» **DATA EXTRACT**
● ● ● ● ●

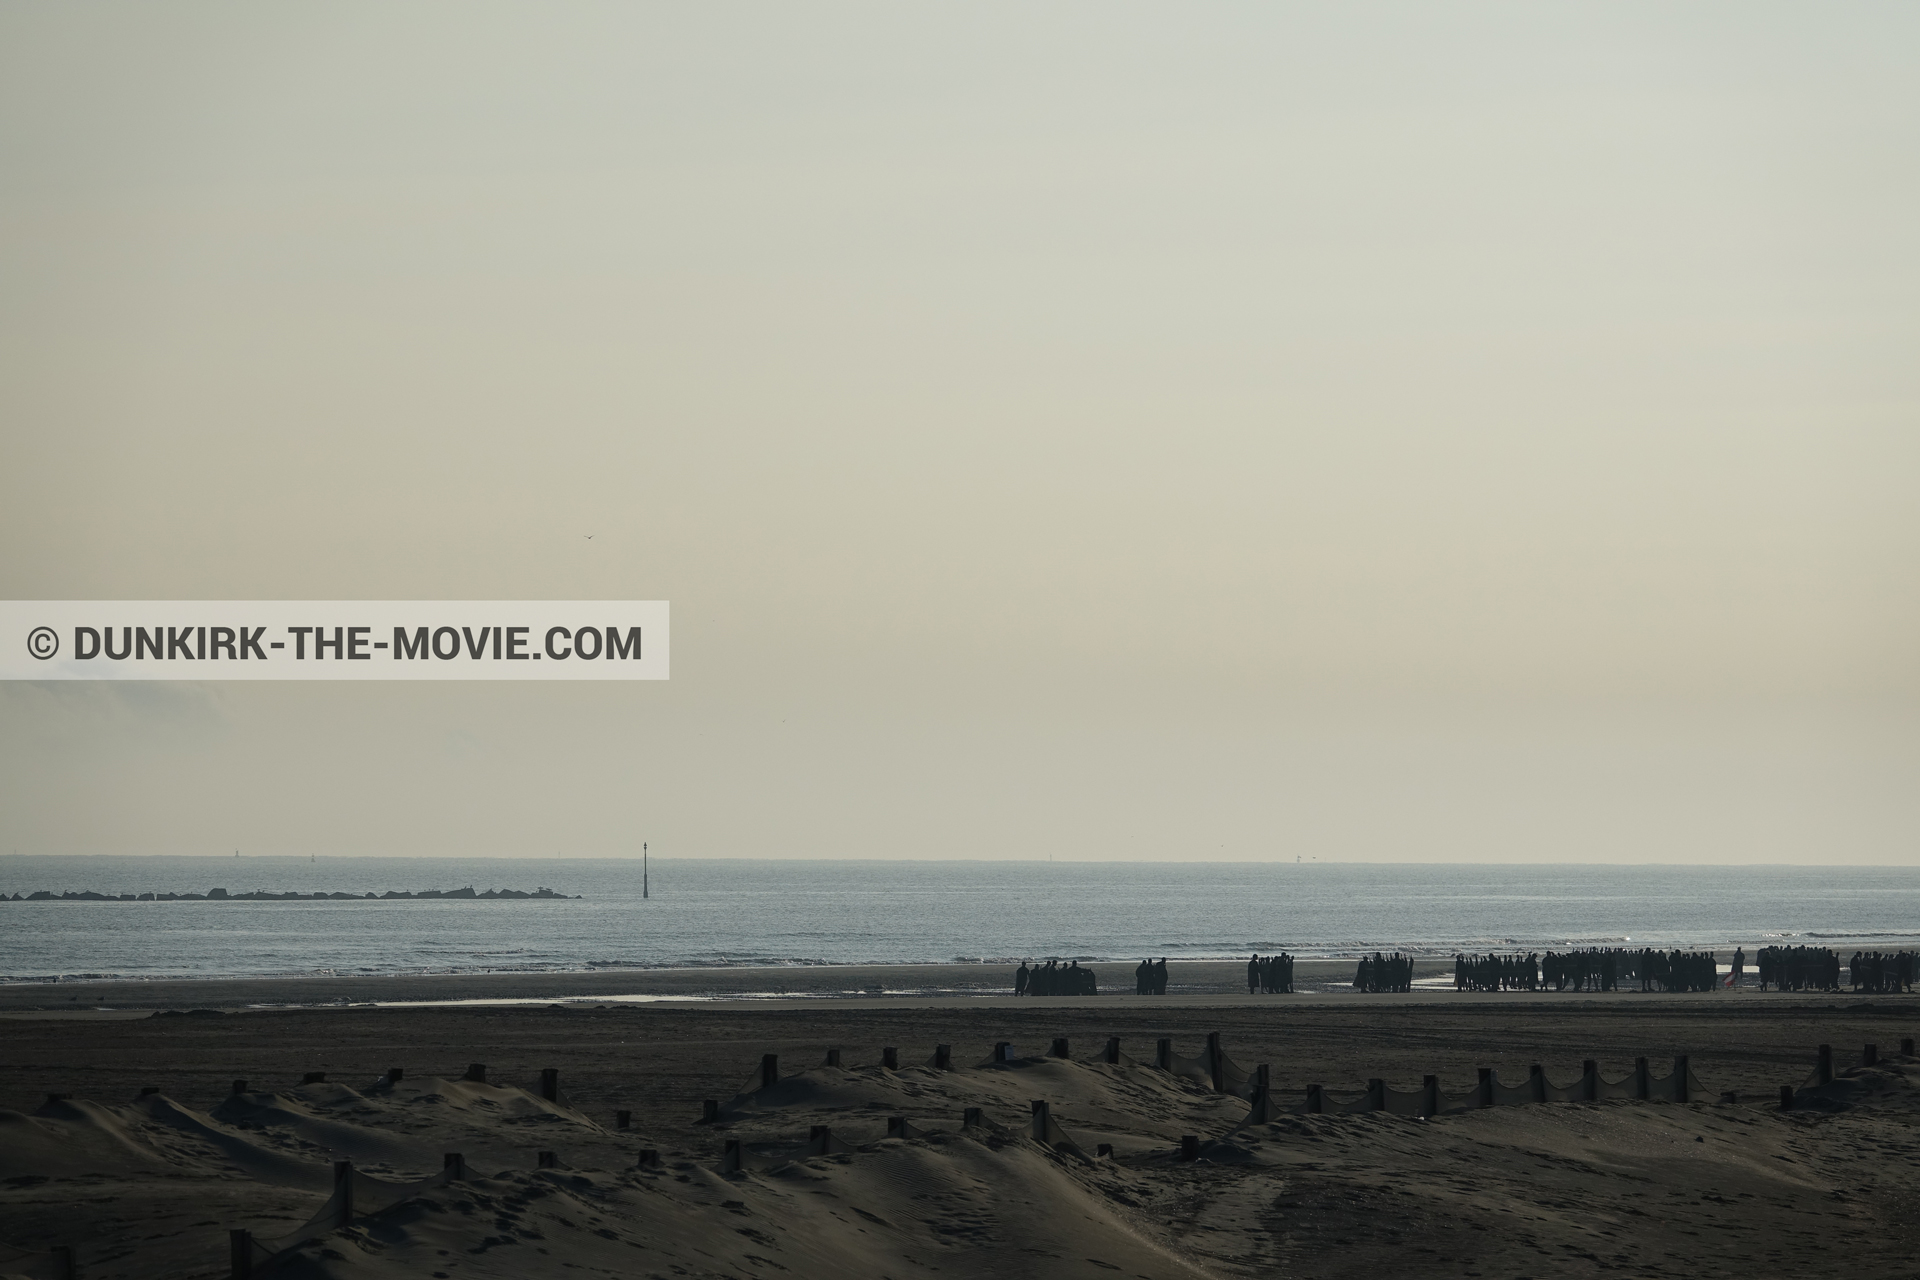 Fotos con cielo anaranjado, extras, playa,  durante el rodaje de la película Dunkerque de Nolan
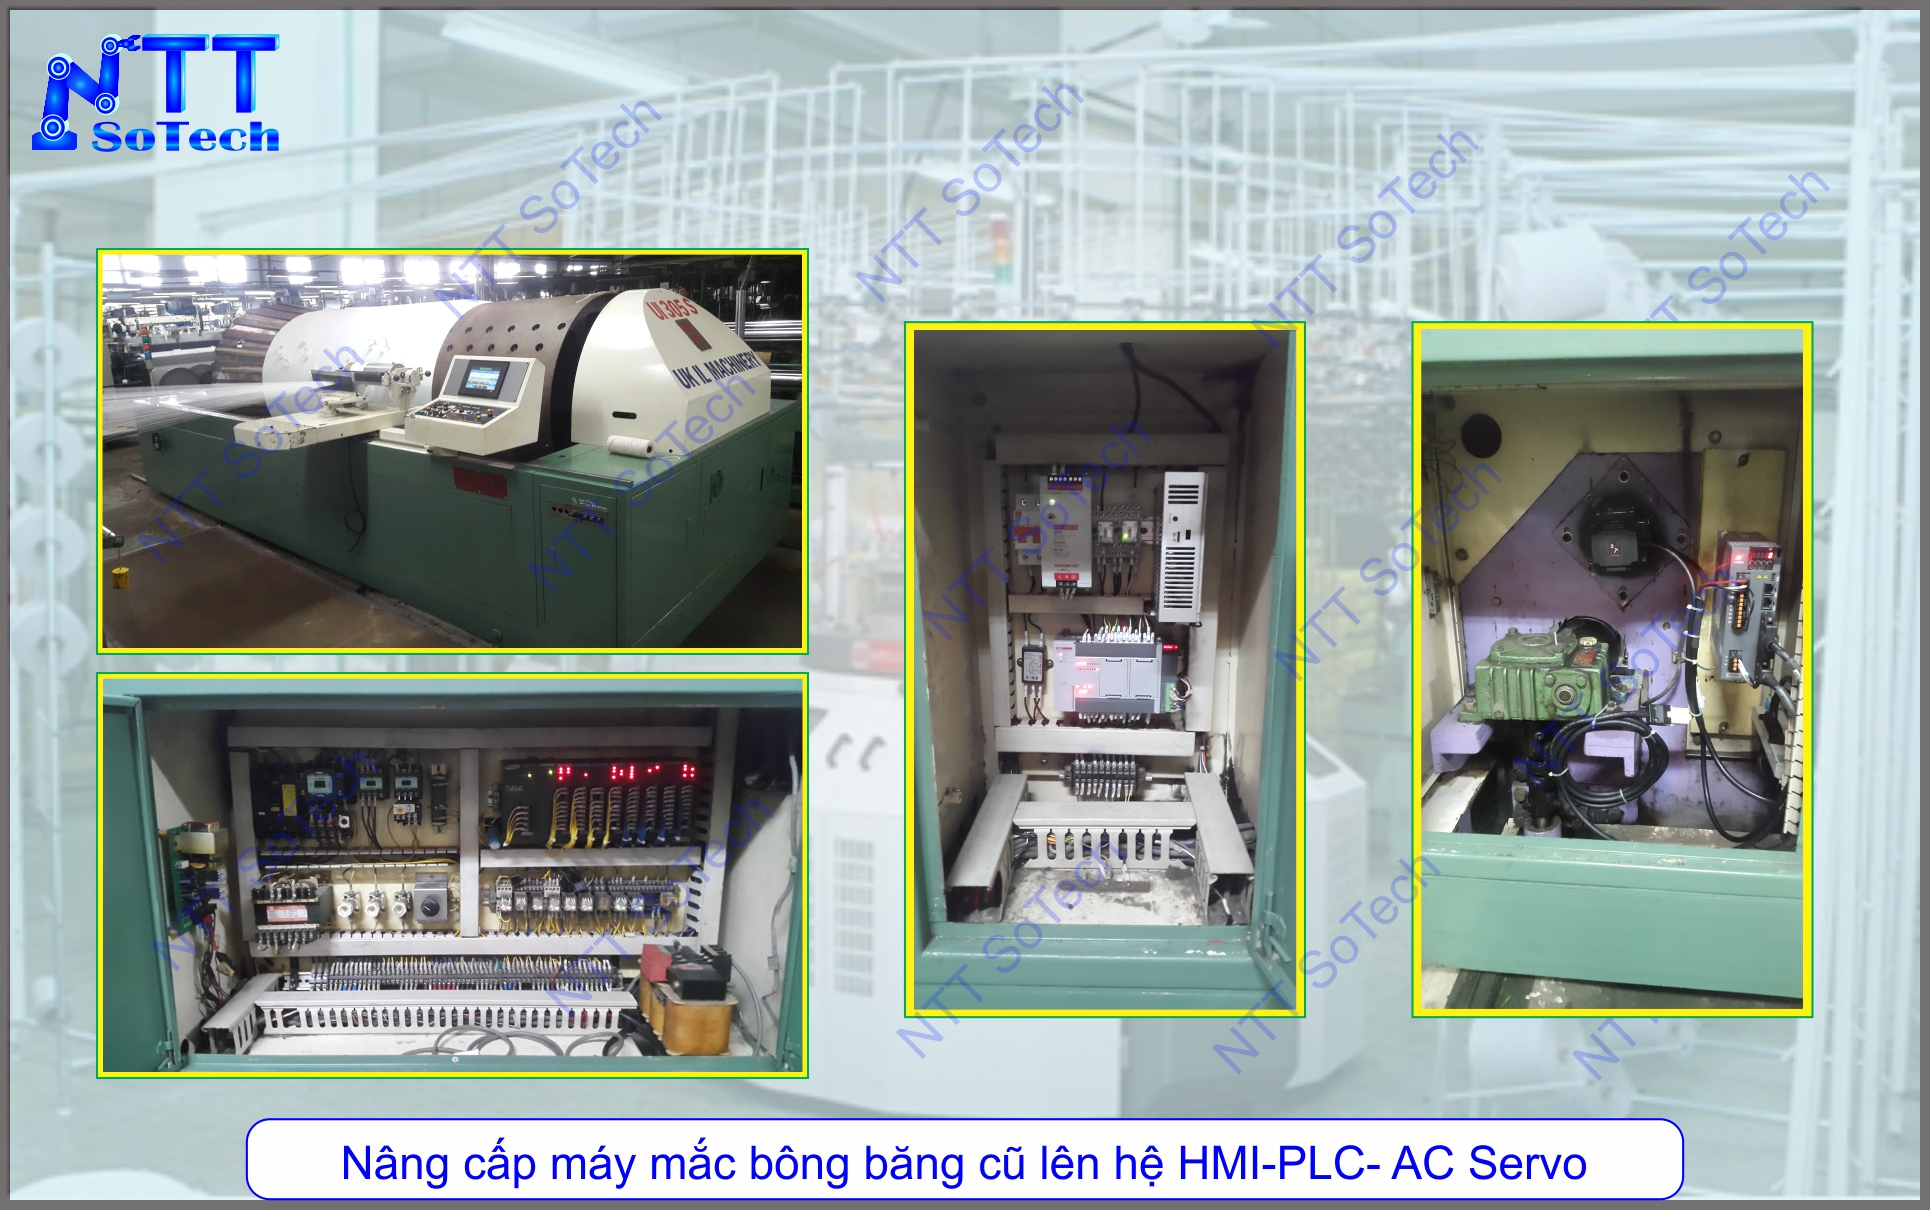 Nâng cấp máy mắc bông băng cũ lên hệ HMI-PLC-AC Servo
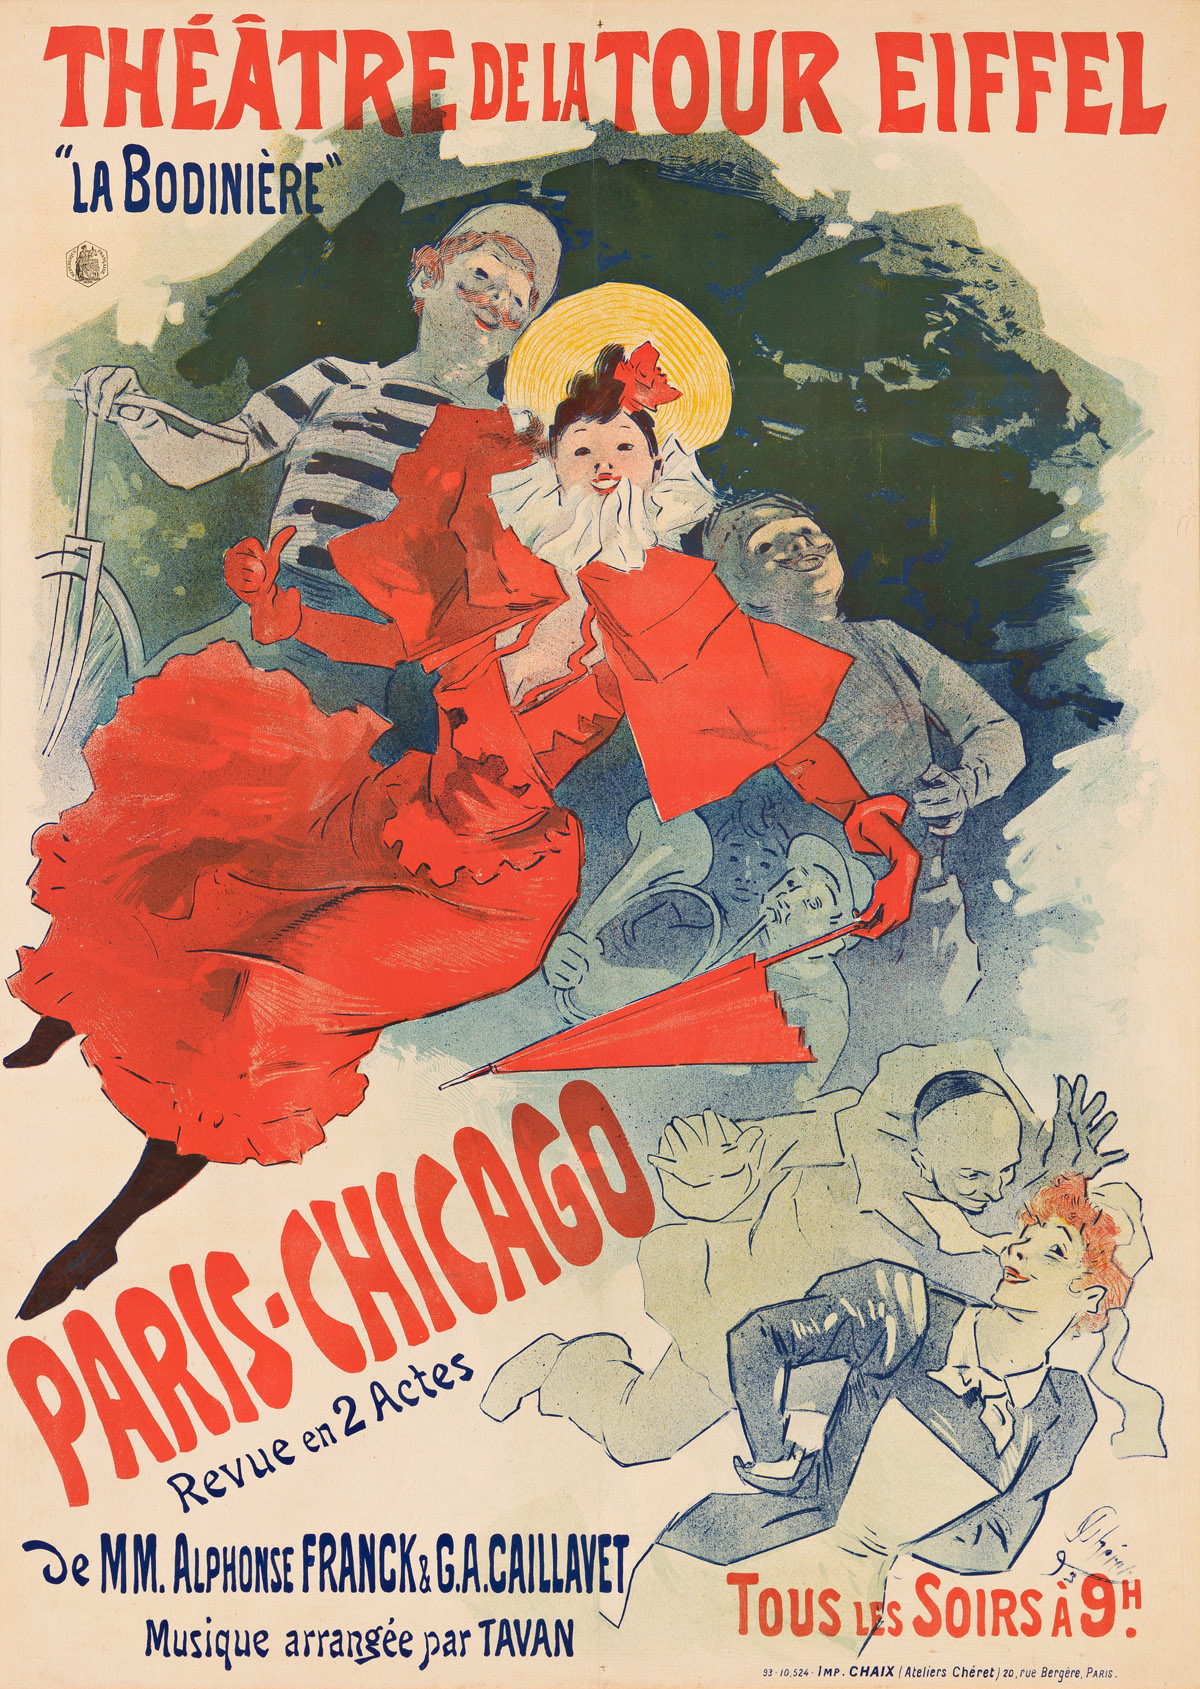 JULES CHÉRET (1836-1932).  THÉÂTRE DE LA TOUR EIFFEL / PARIS - CHICAGO. 1893. 47½x34½ inches, 120½x87½ cm. Chaix Paris.

● ● ● ● ●

» **WHAT IS NEEDED**
Keep the pictures out of the copy and write out the data exactly as it stands.

» **SOLUTION**
 Fotos con cielo anaranjado, extras, playa,  durante el rodaje de la película Dunkerque de Nolan
 Nâng cấp máy mắc bông băng cũ lên hệ HMI-PLC-AC Servo
 JULES CHÉRET (1836-1932).  THÉÂTRE DE LA TOUR EIFFEL / PARIS - CHICAGO. 1893. 47½x34½ inches, 120½x87½ cm. Chaix Paris.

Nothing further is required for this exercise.